== MATERIAL PROVIDED ==
Content starts
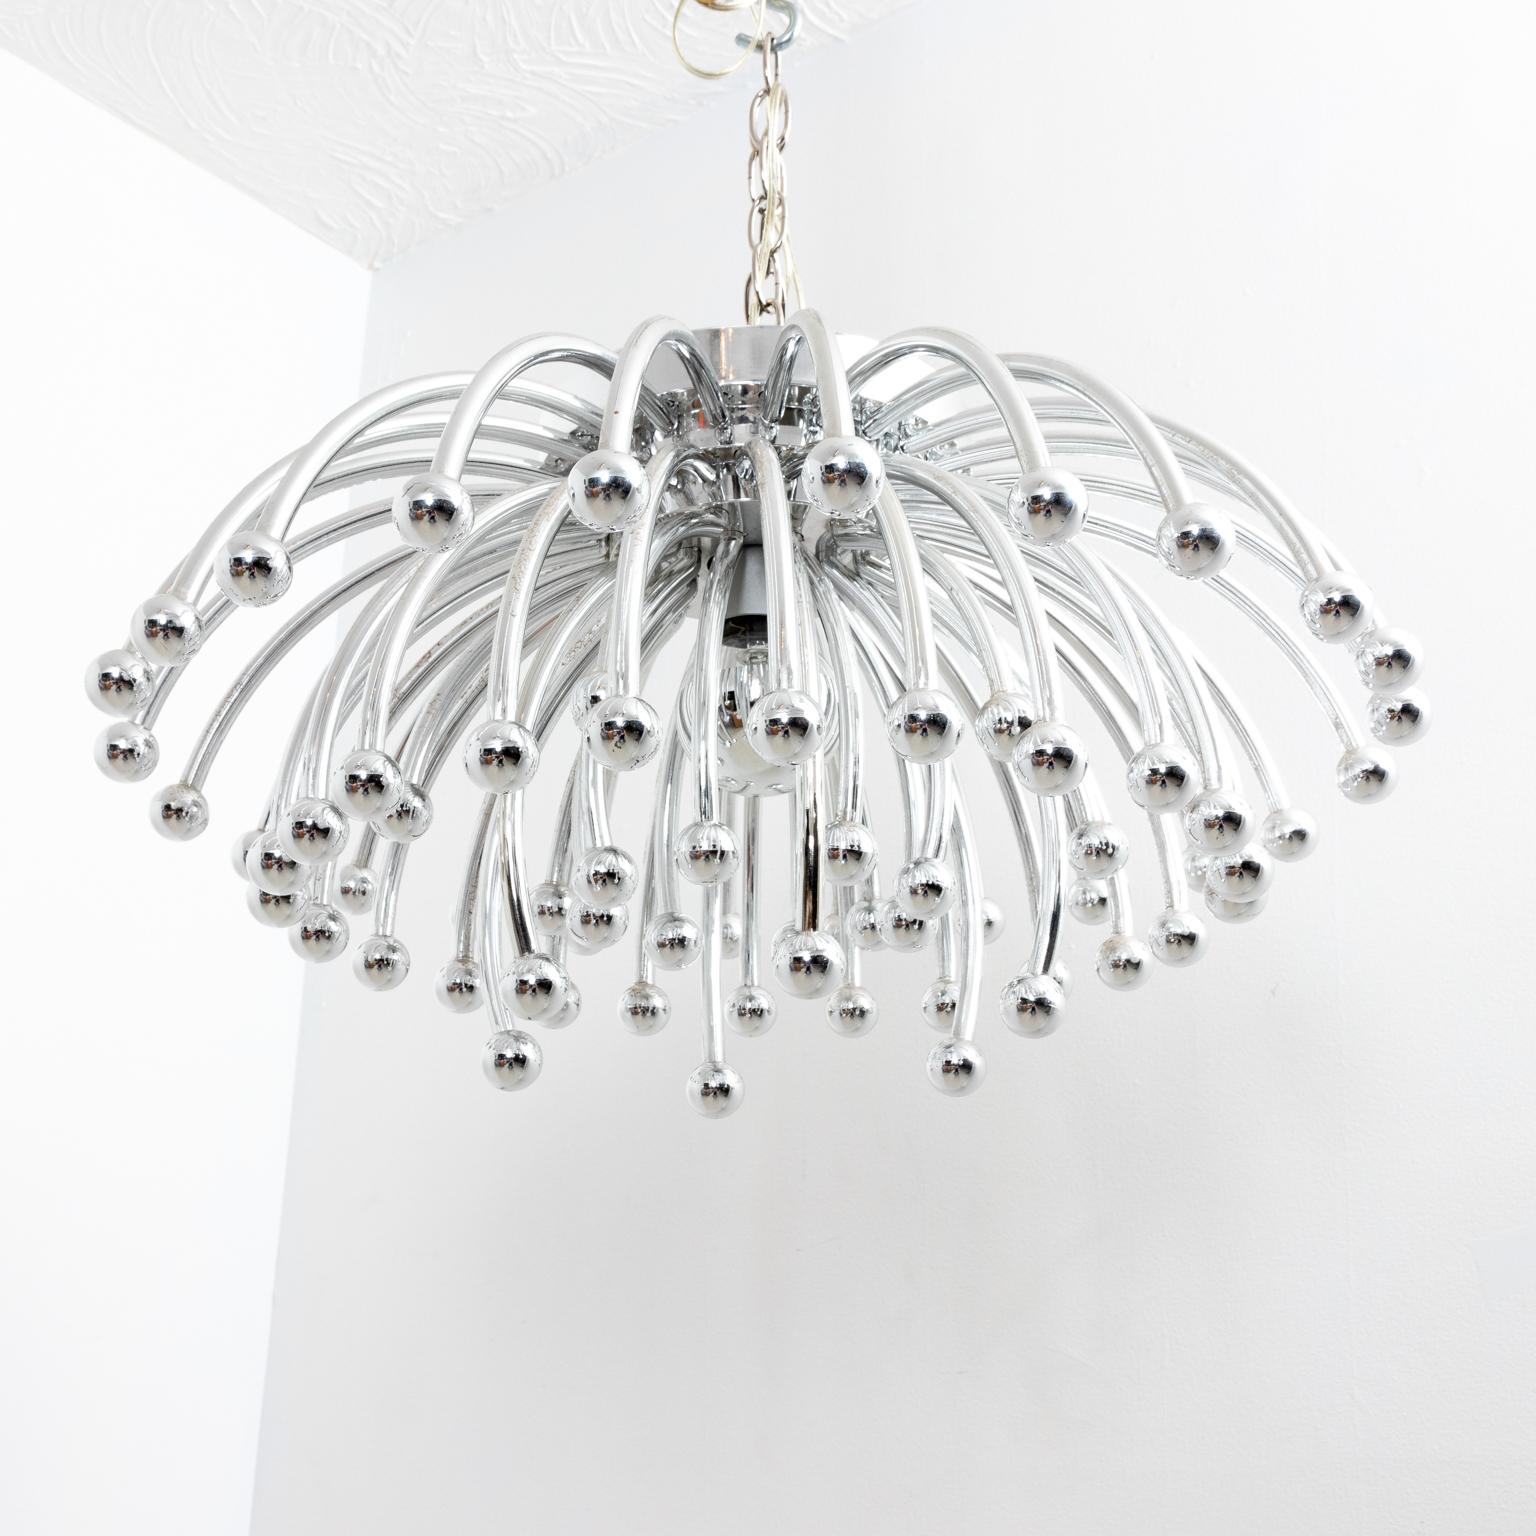 Circa 1970s Italian Studio Tetrarch Valenti Pastillo chandelier. The piece is composed of chromed ABS plastic. It can be used as a hanging chandelier, a flush mount chandelier, wall sconce, or table lamp. Rewired with new American socket and wiring.
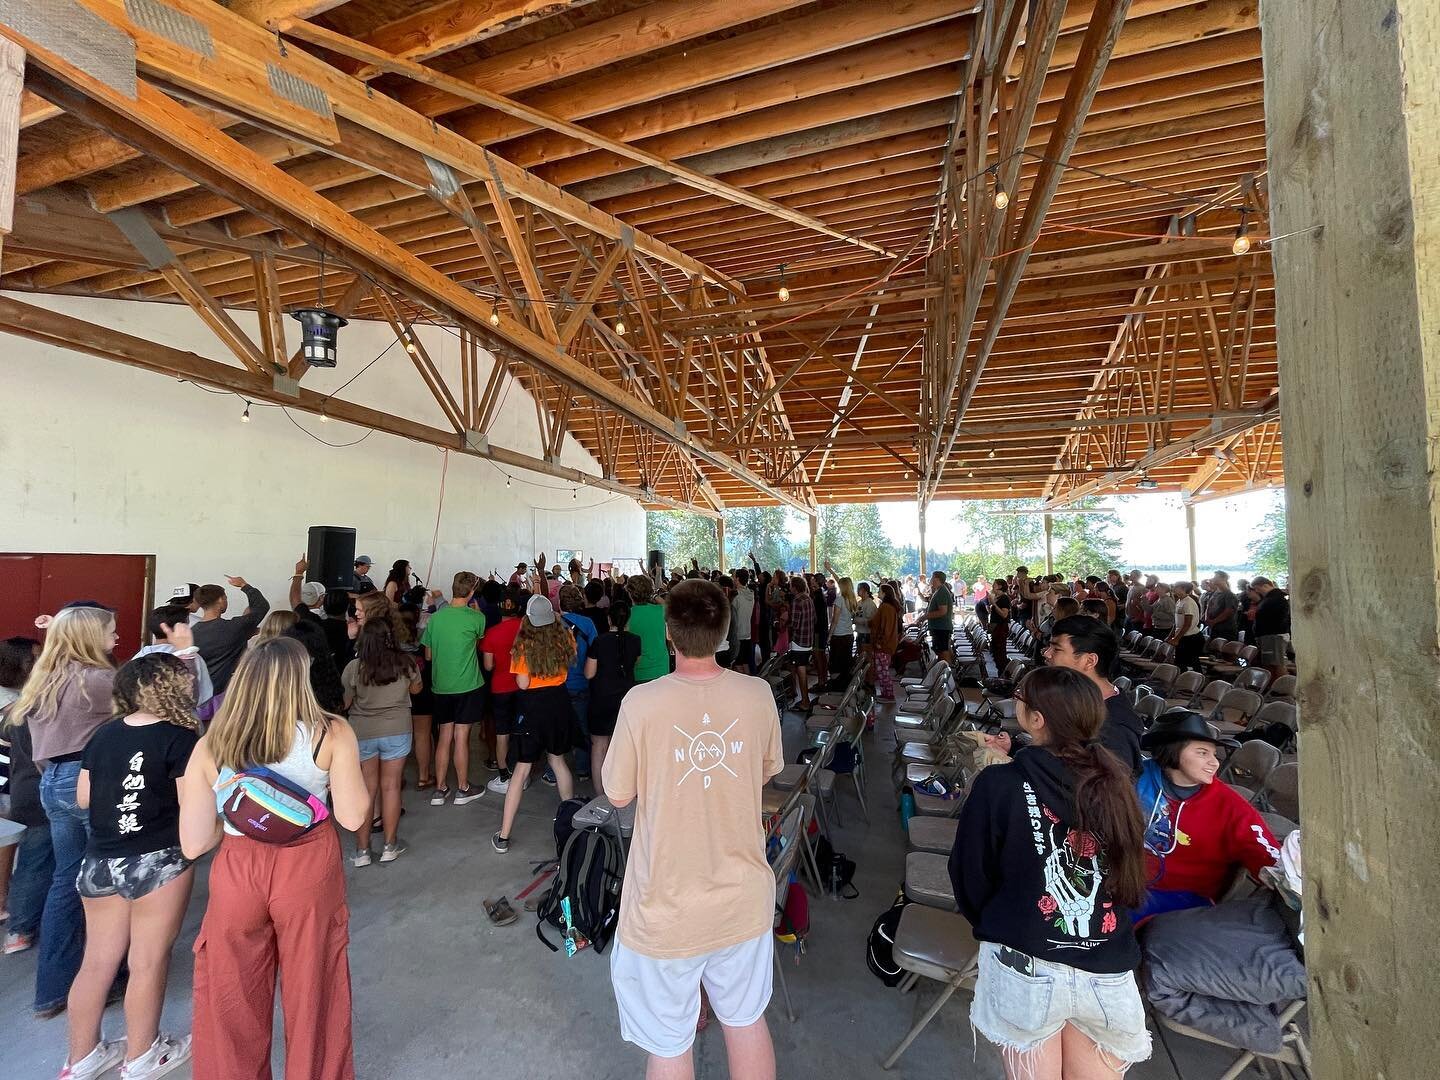 Last worship service at Teen Camp is happening now!!! What a blessing this week has been! Thanks too all who made it possible. We want to encourage you all to follow up with your teens when they get back about the work and calling of God in their liv
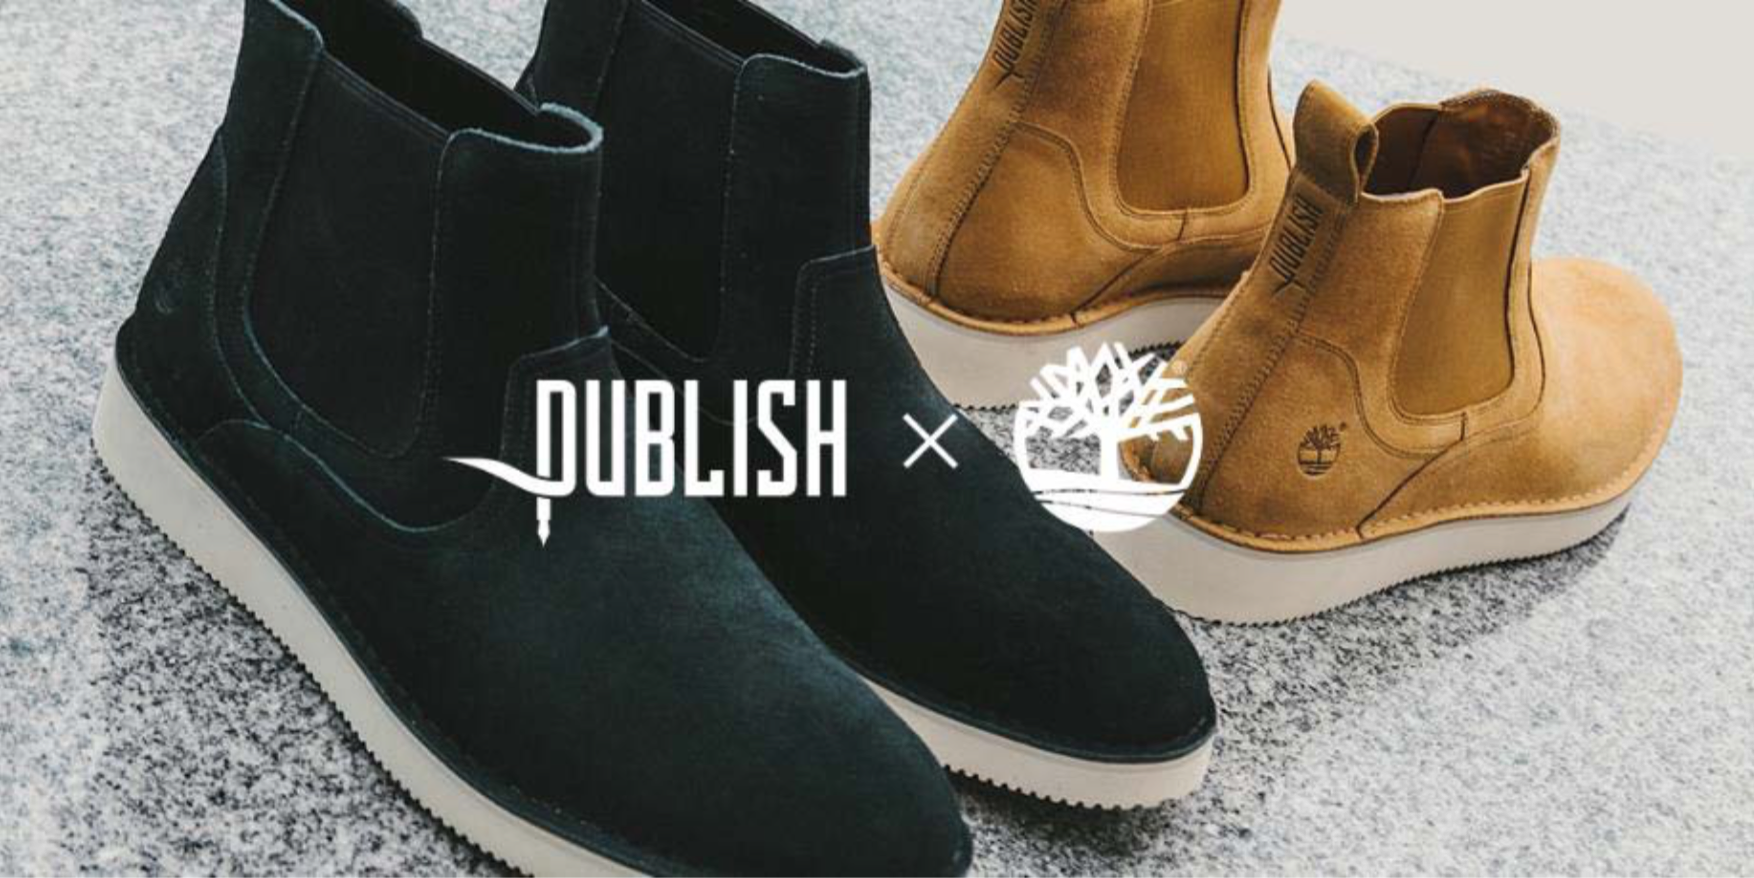 TIMBERLAND x PUBLISH Collection
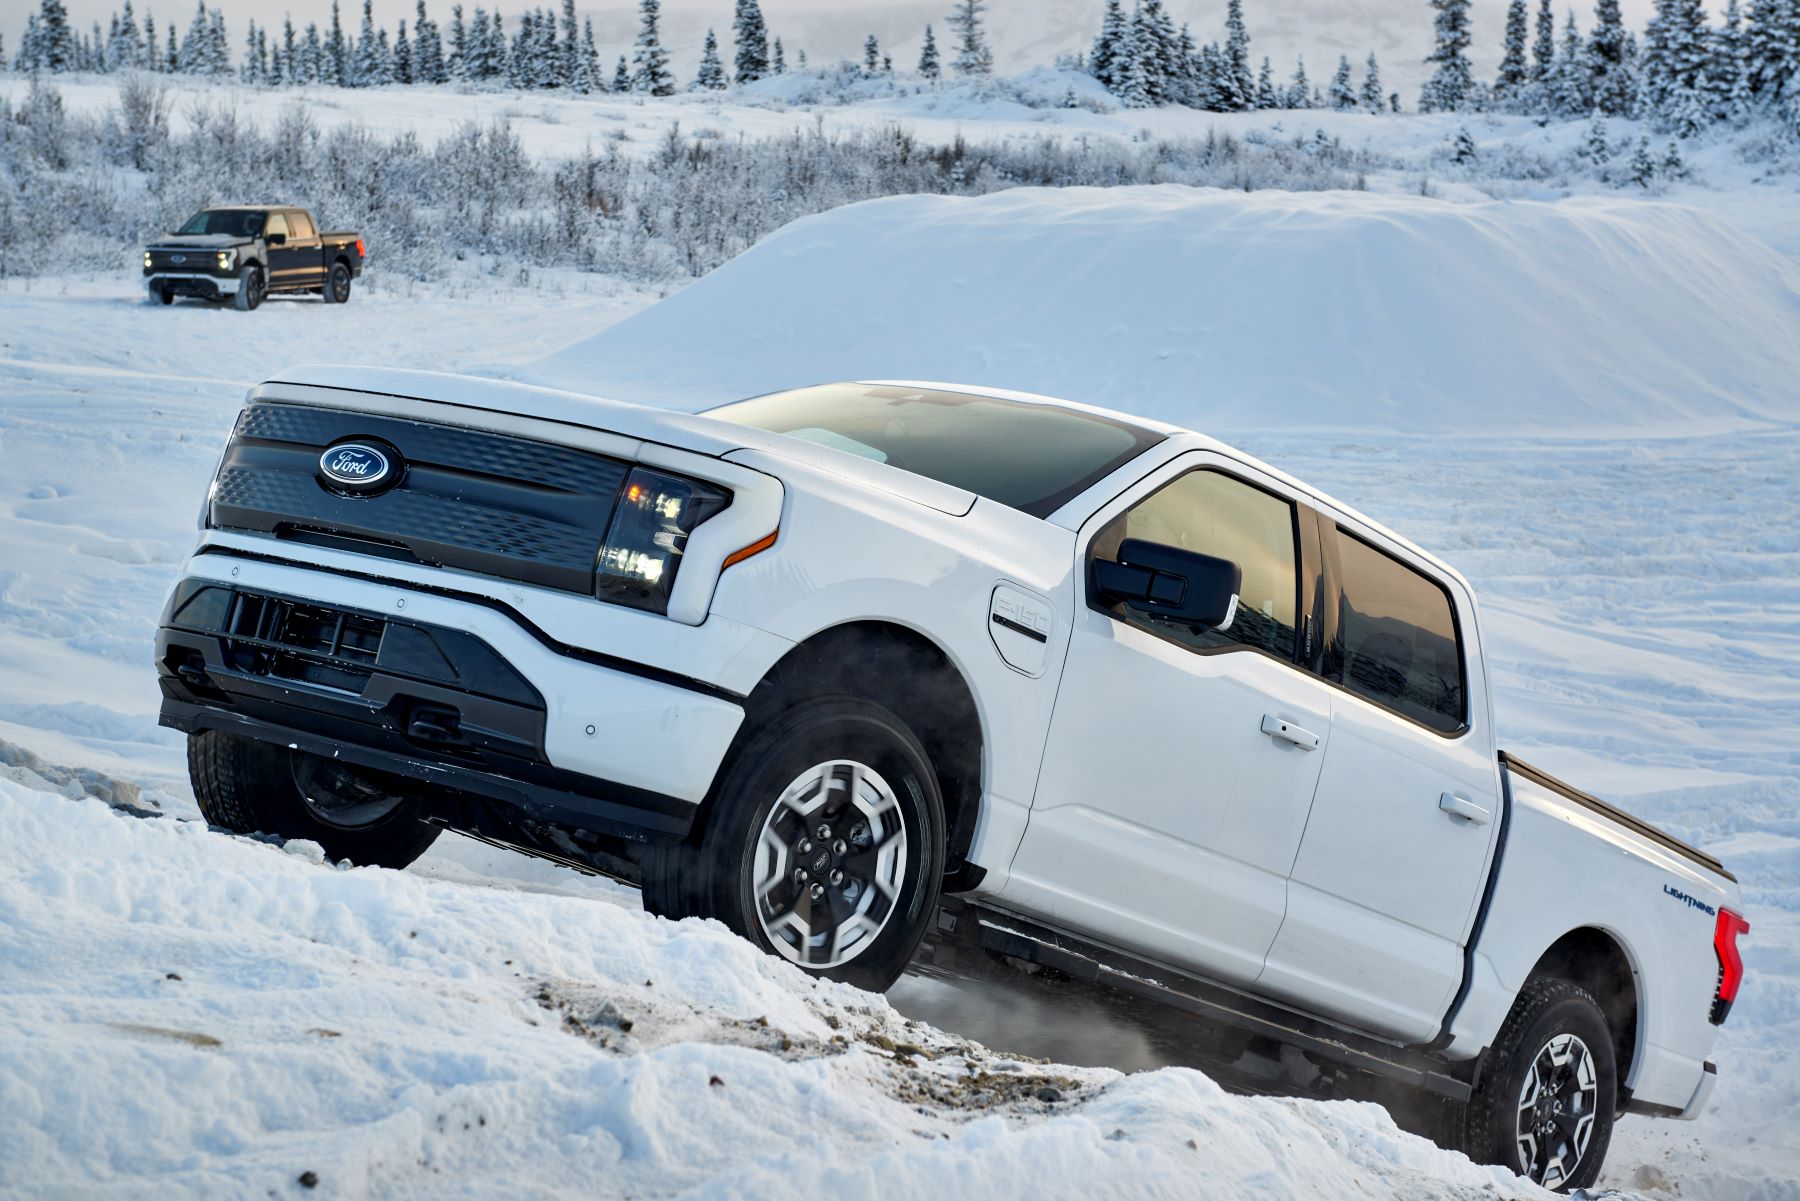 The 2022 Ford F-150 Lightning testing performance in the snow in Alaska
Content ends
== WHAT YOU ARE ASKED TO DO ==
Copy all the lines of data exactly as they appear, dropping any images.

== OUTPUT FOR THIS EXERCISE ==
 Circa 1970s Italian Studio Tetrarch Valenti Pastillo chandelier. The piece is composed of chromed ABS plastic. It can be used as a hanging chandelier, a flush mount chandelier, wall sconce, or table lamp. Rewired with new American socket and wiring.
 Last worship service at Teen Camp is happening now!!! What a blessing this week has been! Thanks too all who made it possible. We want to encourage you all to follow up with your teens when they get back about the work and calling of God in their liv
 TIMBERLAND x PUBLISH Collection
 The 2022 Ford F-150 Lightning testing performance in the snow in Alaska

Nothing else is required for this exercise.